The aim of the module is to equip students with a fundamental understanding of automated methods for processing linguistic data in textual form (natural language processing) from different sources (newswire, web, social media, academic publications) and associated challenges. The module will also provide students with the skills to analyse textual data and familiarise them with state of the art tools and applications.
By the end of the module the student should be able to:
- Demonstrate knowledge of the fundamental principles of natural language processing.
Demonstrate understanding of methods and algorithms used to process different types of textual data as well as the challenges involved.
- Demonstrate understanding of the state of the art in the core areas of Natural Language Processing as well as related applications.
- Show a working knowledge of state of the art tools available for analysing linguistic data.
- Demonstrate computational skills to create NLP processing pipelines using existing NLP libraries, retrain models and extend existing NLP tools.

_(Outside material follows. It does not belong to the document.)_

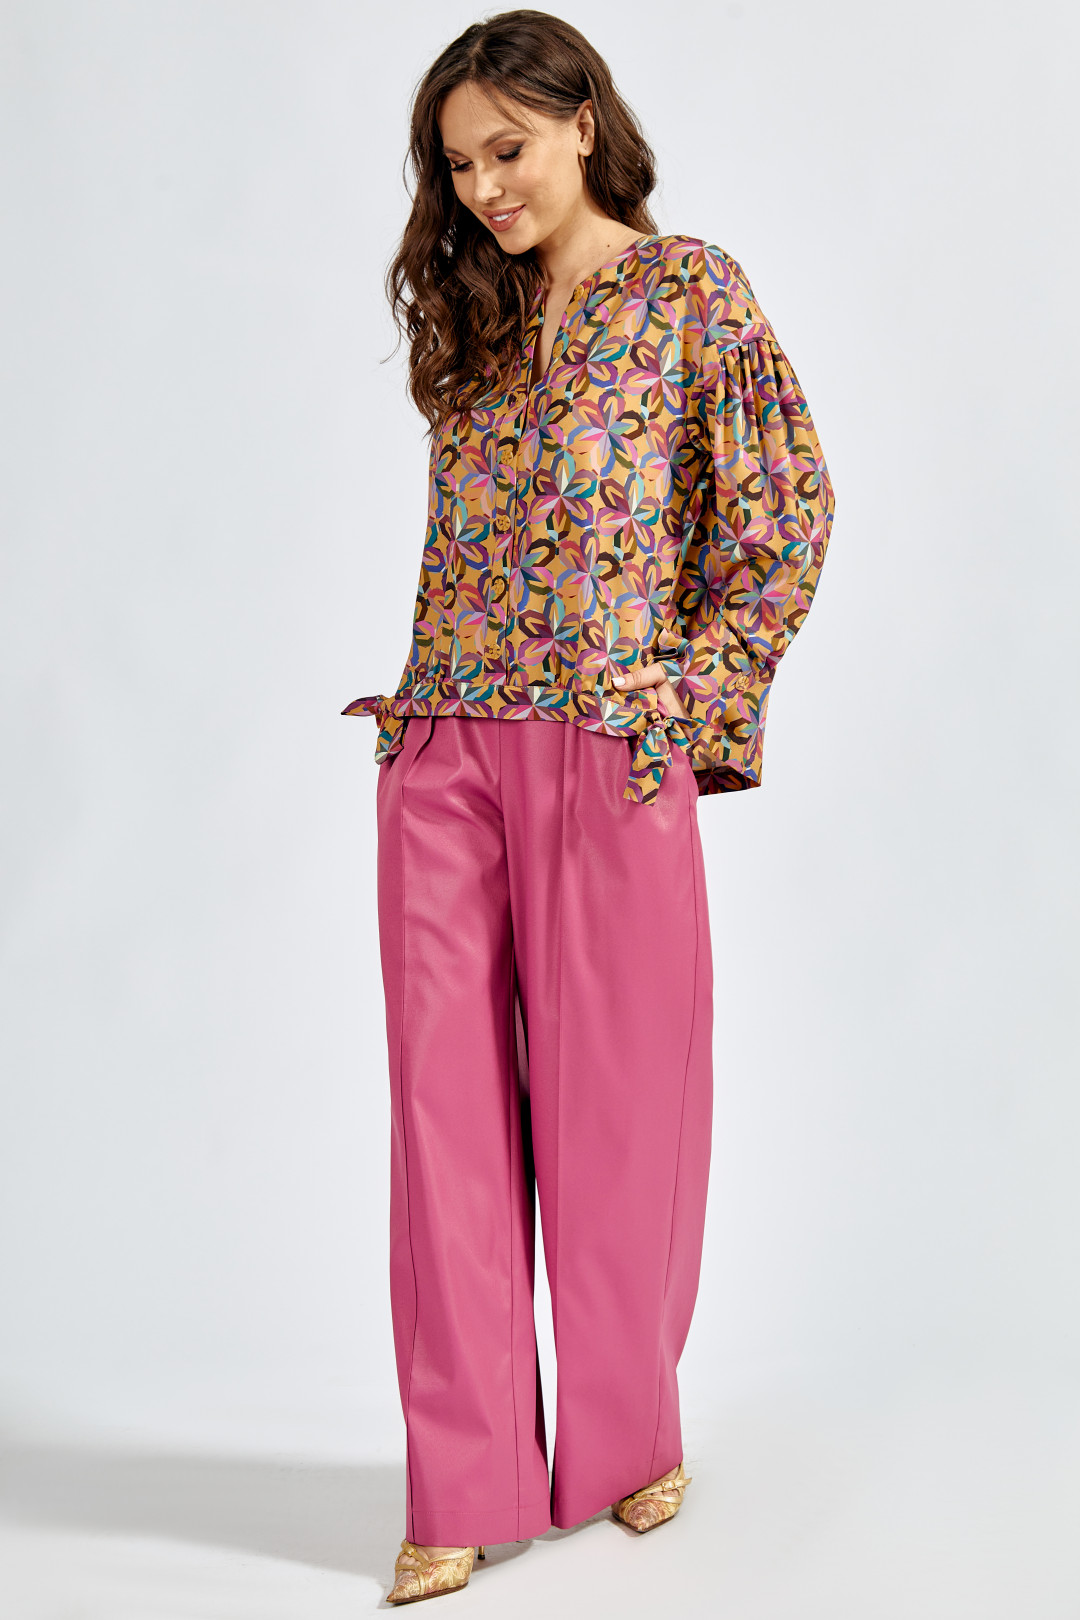 Блузка ТЭФФИ-стиль 1503/1 цветная фиалка

- Regular expressions, word tokenization, stemming, sentence segmentation
- N-grams and language models
- Part-of-speech Tagging
- Hidden Markov models and maximum entropy models
- Semantics: lexical semantics, distributional semantics, word sense disambiguation and vector space models
- Spelling correction
- Text classification
- Sentiment analysis
- Information extraction: Named entity recognition, relation extraction
- Information retrieval
- Syntactic parsing
- Semantic parsing
- Question answering and summarisation
- Text processing in social media